Add ipv6-neighbor with likely non-static IPv6-adress
I had a static ipv6 though
Makla89 and I are still neighbors, but only as ipv4. I will try to contact him if we can arrange the ipv6 connection again to check if we can reproduce the issue.
We managed to create an ipv6-connection again. It's up for a few hours, let's see how stable it is. During the setup of my ipv6-node (testing ports, firewall and port forwarding) I did saw the same error as Makla reported on sep 3 2019. It was from my other ipv6-node :
Apr 13 00:44:47 iota IRI[5186]: 04/13 00:44:47.396 [Neighbor Router] INFO NeighborRouterImpl:738 - removed neighbor (hidden:)3b4e:15601 from connected neighbors
Apr 13 00:44:47 iota IRI[5186]: 04/13 00:44:47.398 [Neighbor Router] INFO NeighborRouterImpl:458 - adding tcp://(hidden:)3b4e:15601 to the reconnect pool
Apr 13 00:44:48 iota IRI[5186]: 04/13 00:44:48.574 [Tips Requester] INFO TipsRequesterImpl:86 - toProcess = 0 , toBroadcast = 0 , toRequest = 0 , toReply = 0 / totalTransactions = 13901406
Apr 13 00:44:49 iota IRI[5186]: 04/13 00:44:49.387 [Local Snapshots Monitor] INFO SnapshotServiceImpl:392 - Taking local snapshot [analyzing old solid entry points]: 2.00% ...
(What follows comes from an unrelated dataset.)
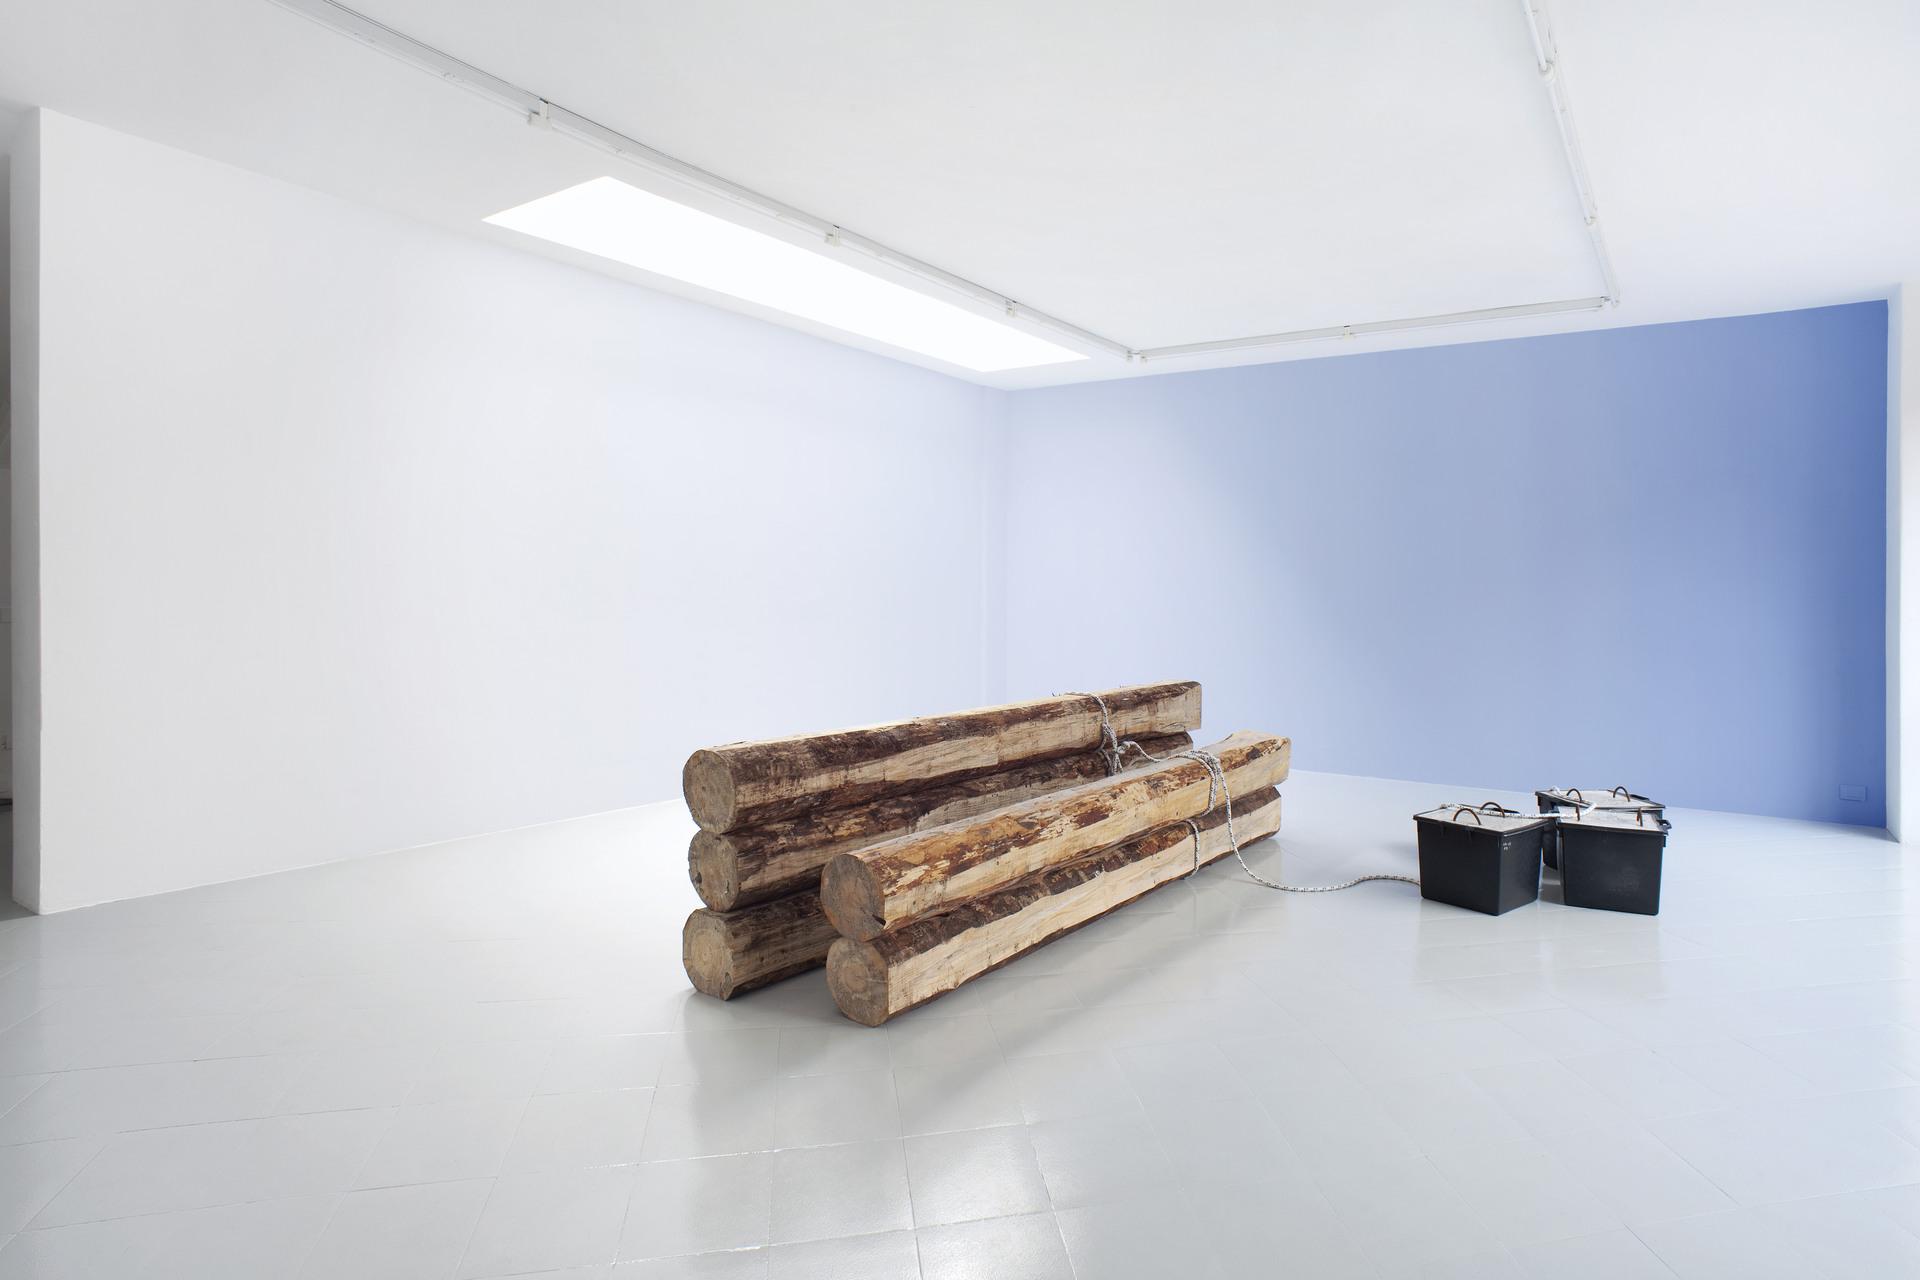 1 - Karsten Fo¦êdinger, Pieter Vermeersch, Installation View, 2015, Cabinet, Milano - Courtesy Artists and Cabinet, Milan, Photo Filippo Armellin

Apr 13 00:44:50 iota IRI[5186]: 04/13 00:44:50.742 [XNIO-1 task-17] ERROR API:291 - Unexpected API Exception: hostname can't be null
Apr 13 00:44:54 iota IRI[5186]: 04/13 00:44:54.587 [XNIO-1 task-19] ERROR API:291 - Unexpected API Exception: hostname can't be null
Apr 13 00:44:58 iota IRI[5186]: 04/13 00:44:58.584 [Tips Requester] INFO TipsRequesterImpl:86 - toProcess = 0 , toBroadcast = 0 , toRequest = 0 , toReply = 0 / totalTransactions = 13901494
Apr 13 00:44:59 iota IRI[5186]: 04/13 00:44:59.294 [pool-10-thread-1] INFO BatchedBCTCurl:103 - batching saturation ratio 3.0% (processed 323 / max possible 9856), cycles 154, avg. cycle time 130.0ms
Apr 13 00:44:59 iota IRI[5186]: 04/13 00:44:59.698 [Local Snapshots Monitor] INFO SnapshotServiceImpl:392 - Taking local snapshot [analyzing old solid entry points]: 2.01% ...
Apr 13 00:45:00 iota IRI[5186]: 04/13 00:45:00.742 [XNIO-1 task-20] ERROR API:291 - Unexpected API Exception: hostname can't be null
Apr 13 00:46:30 iota IRI[5186]: 04/13 00:46:30.831 [XNIO-1 task-6] ERROR API:291 - Unexpected API Exception: hostname can't be null
Apr 13 00:46:38 iota IRI[5186]: 04/13 00:46:38.280 [Neighbor Router] INFO NeighborRouterImpl:612 - establishing connections to 1 wanted neighbors [tcp://(hidden:)3b4e:15601]
Apr 13 00:46:38 iota IRI[5186]: 04/13 00:46:38.282 [Neighbor Router] INFO NeighborRouterImpl:238 - neighbor router stopped
Apr 13 00:46:38 iota IRI[5186]: Exception in thread "Neighbor Router" java.lang.IllegalArgumentException: hostname can't be null
Apr 13 00:46:38 iota IRI[5186]: at java.base/java.net.InetSocketAddress.checkHost(InetSocketAddress.java:149)
Apr 13 00:46:38 iota IRI[5186]: at java.base/java.net.InetSocketAddress.<init>(InetSocketAddress.java:216)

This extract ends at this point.